Asset Management and Securities Services

Full Year

Net revenues in Asset Management and Securities Services were $3.85 billion for the year, 35% higher than 2003.

Asset Management net revenues were $2.55 billion for the year, 38% higher than 2003, primarily due to higher average assets under management, significantly higher incentive fees and a full year contribution from Ayco (2). During the year, assets under management increased 21% to $452 billion, reflecting net asset inflows of $52 billion, across all asset classes, as well as market appreciation of $27 billion, primarily in equity and fixed income assets.

Securities Services net revenues were $1.30 billion for the year, 29% higher than 2003, primarily due to significantly higher customer balances in securities lending and margin lending.

Fourth Quarter

Net revenues in Asset Management and Securities Services were $934 million, 20% higher than the fourth quarter of 2003 and essentially unchanged compared with the third quarter of 2004.

Asset Management net revenues were $595 million, 16% higher than the fourth quarter of 2003, primarily reflecting higher average assets under management. During the quarter, assets under management increased 6%, reflecting market appreciation of $17 billion, primarily in equity assets, as well as net asset inflows of $9 billion across fixed income, alternative investment and equity assets, partially offset by net asset outflows in money markets.

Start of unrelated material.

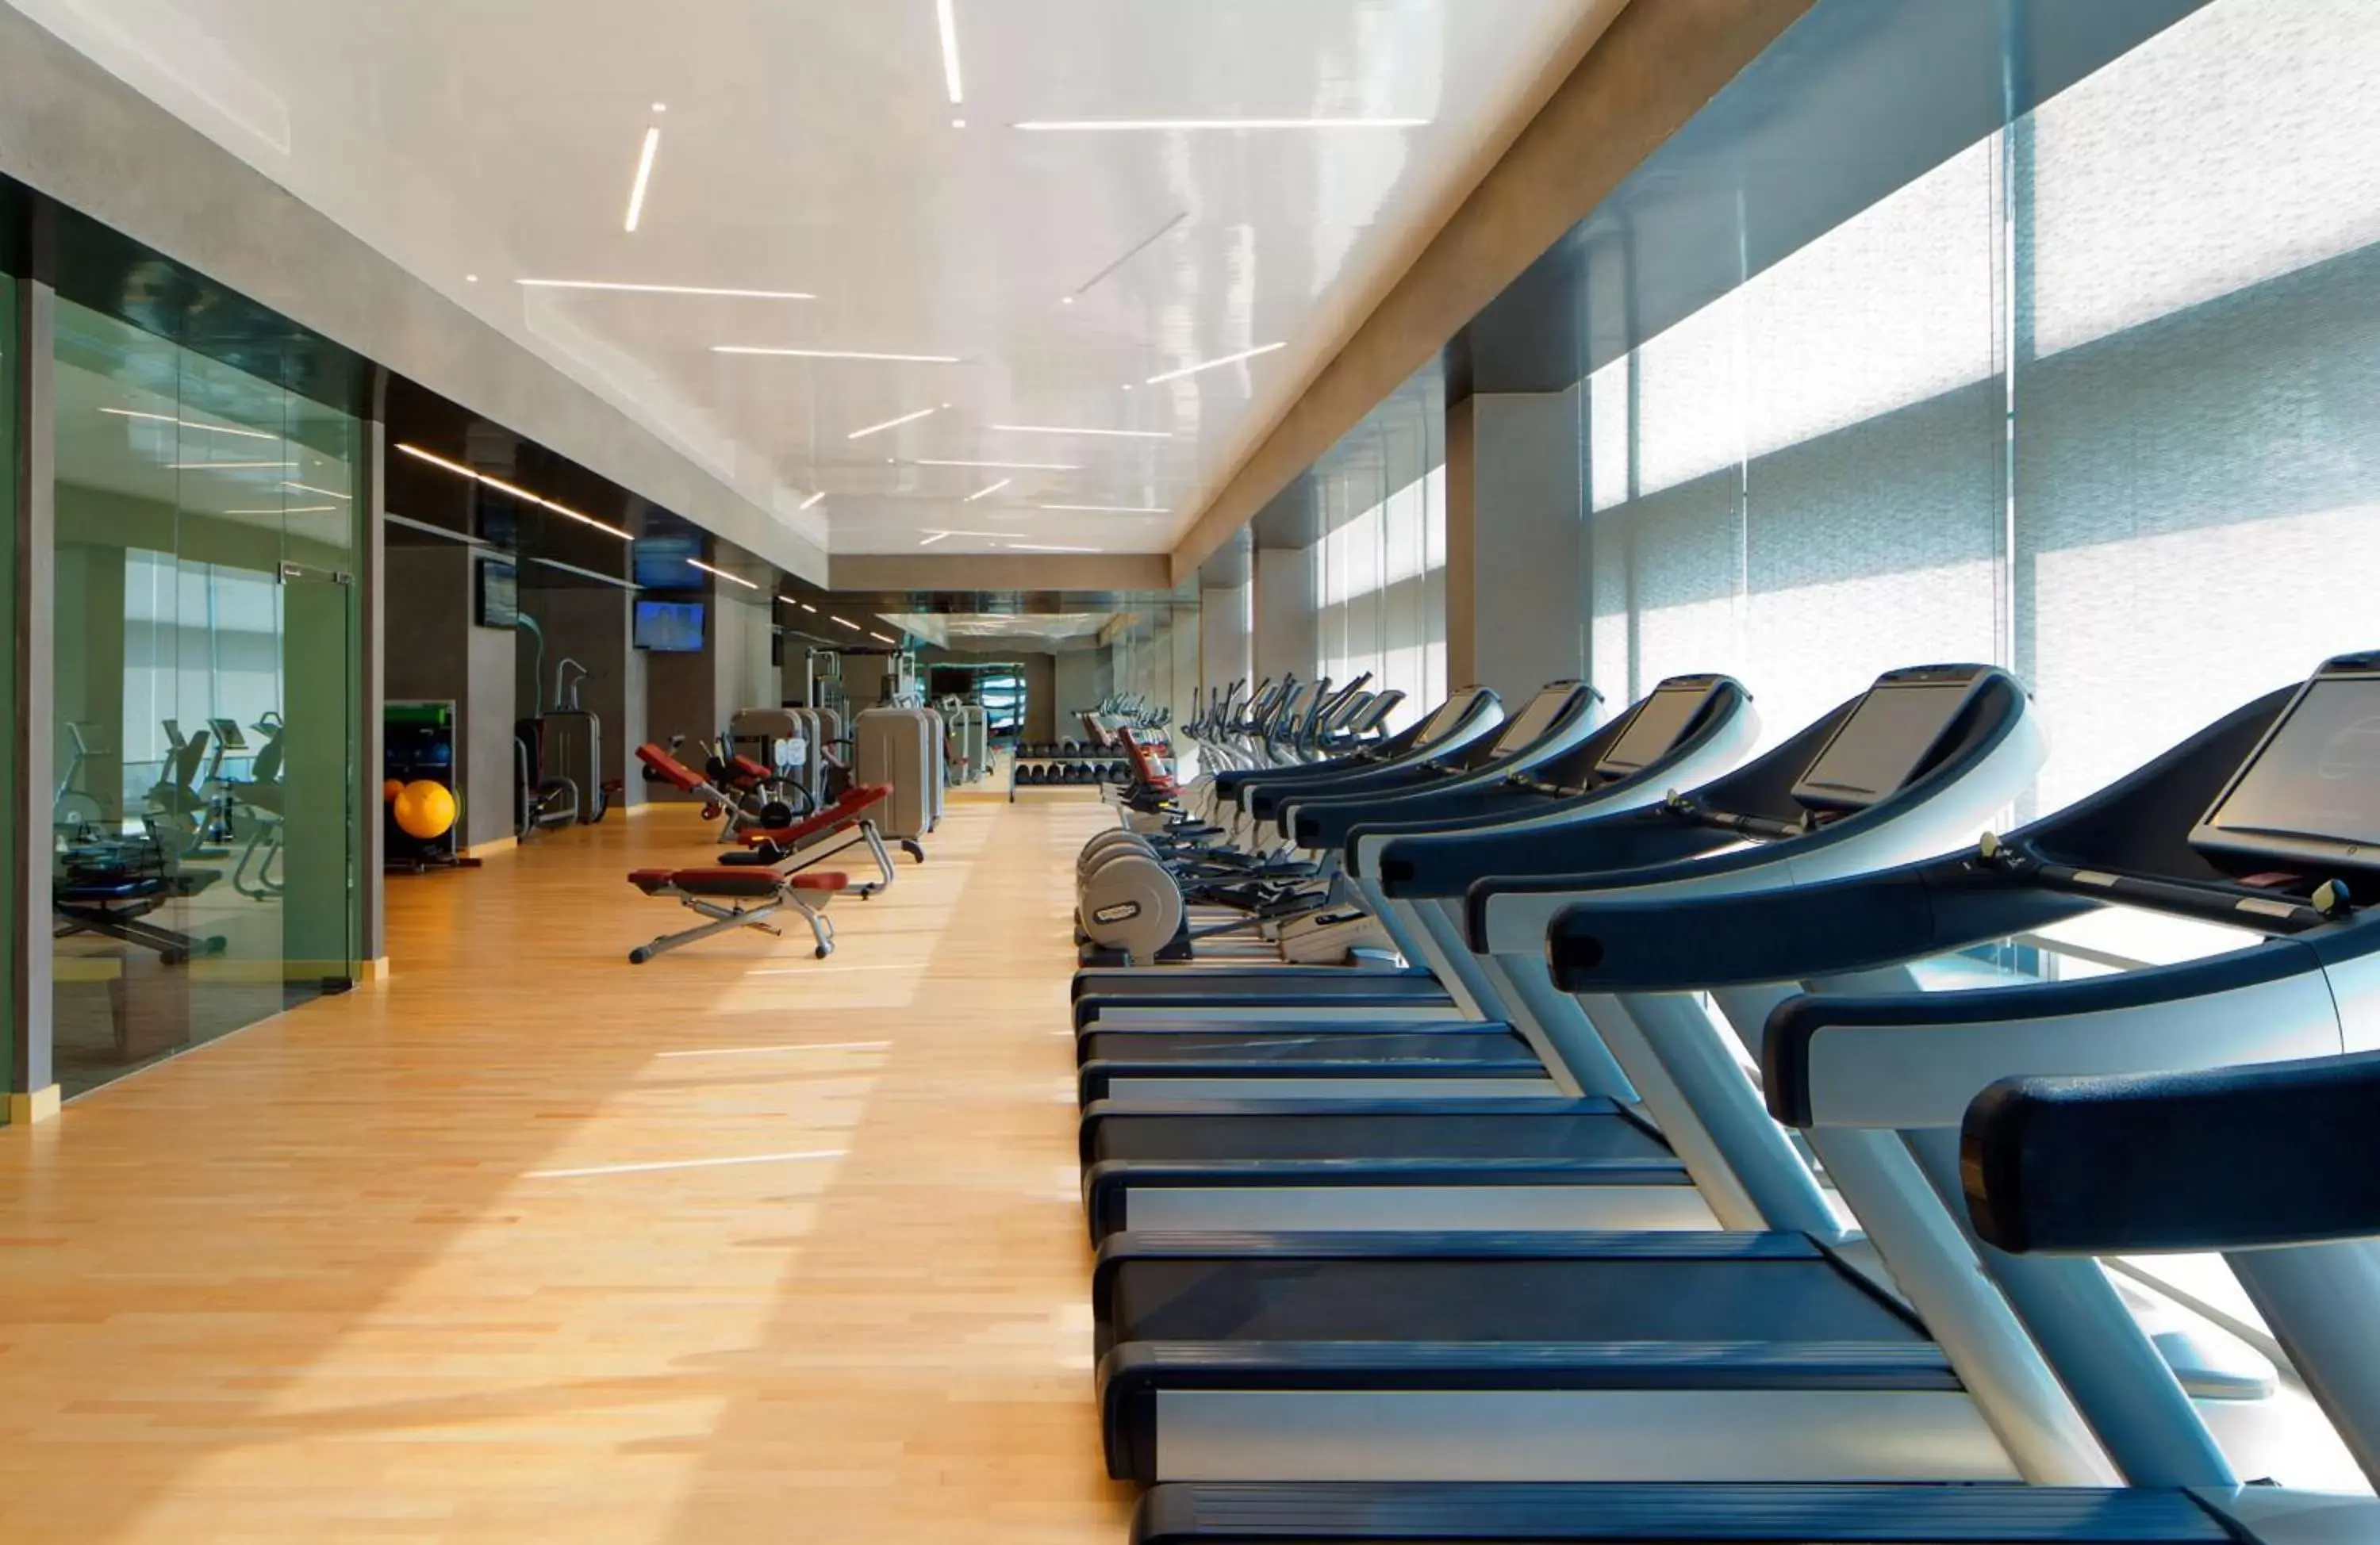 Fitness centre/facilities, Fitness Center/Facilities in Conrad Dubai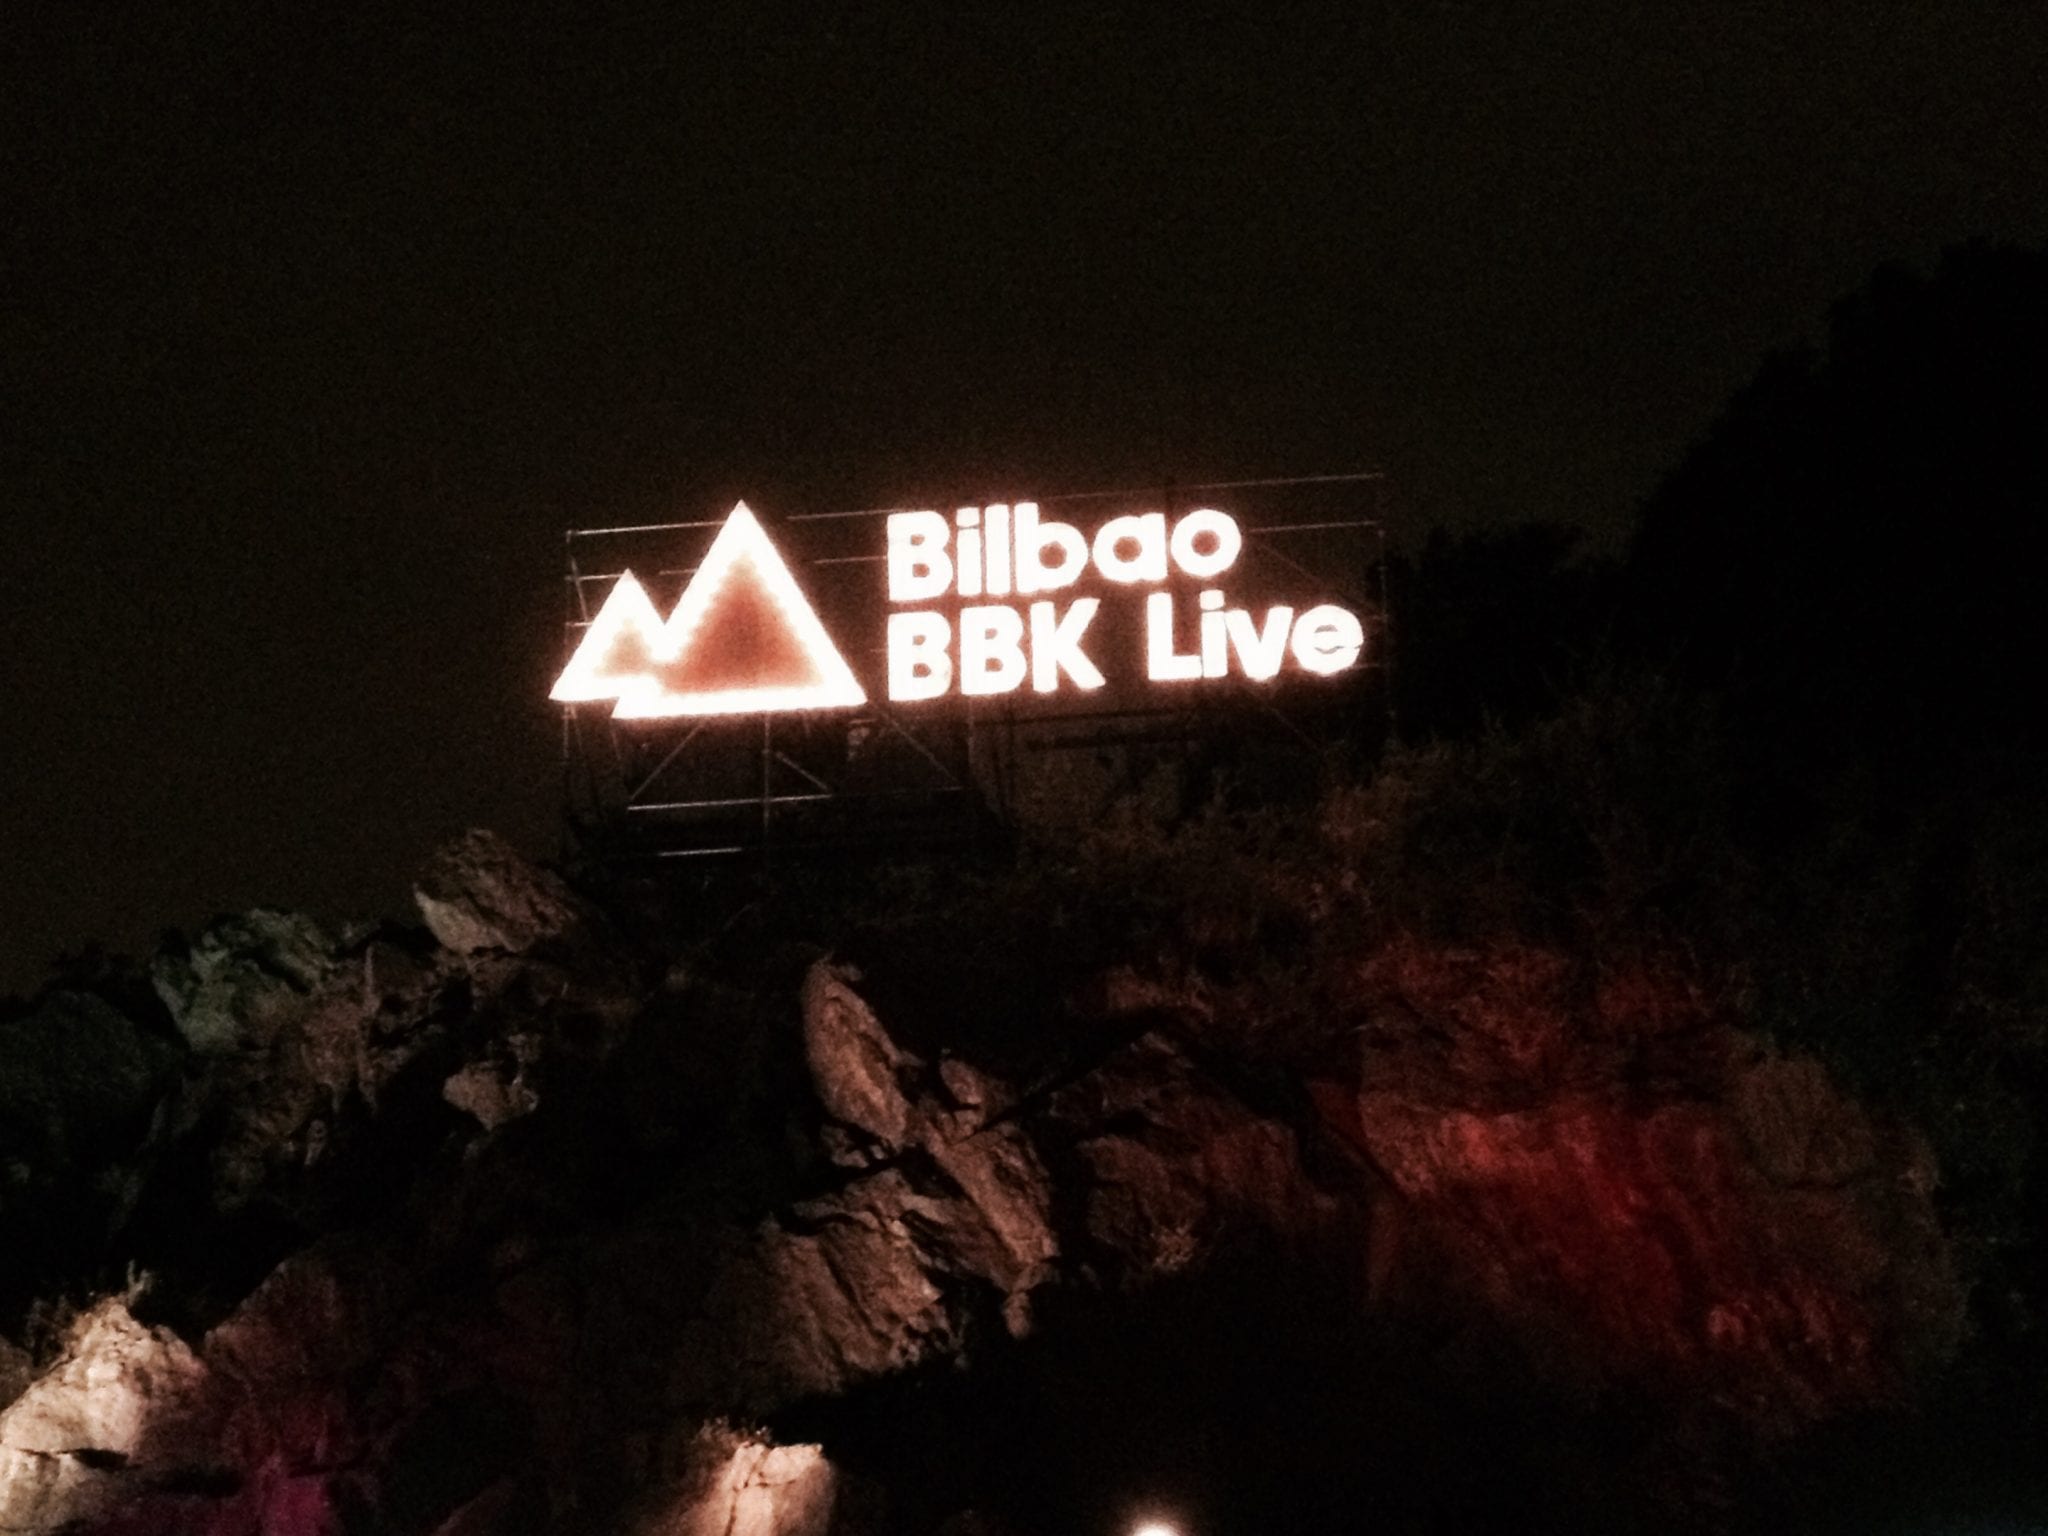 Crónica del Bilbao BBK Live del Viernes 10 de Julio de 2015

Securities Services net revenues were $339 million, 28% higher than the fourth quarter of 2003, primarily due to significantly higher customer balances in securities lending and margin lending.

Expenses

Operating expenses were $13.87 billion for 2004, 20% higher than 2003.

Compensation and benefits expenses were $9.59 billion for 2004, 30% higher than the prior year. The ratio of compensation and benefits to net revenues for fiscal year 2004 was 46.7% compared with 46.2% for fiscal 2003. Employment levels increased 6% compared with the end of 2003 and 2% during the quarter.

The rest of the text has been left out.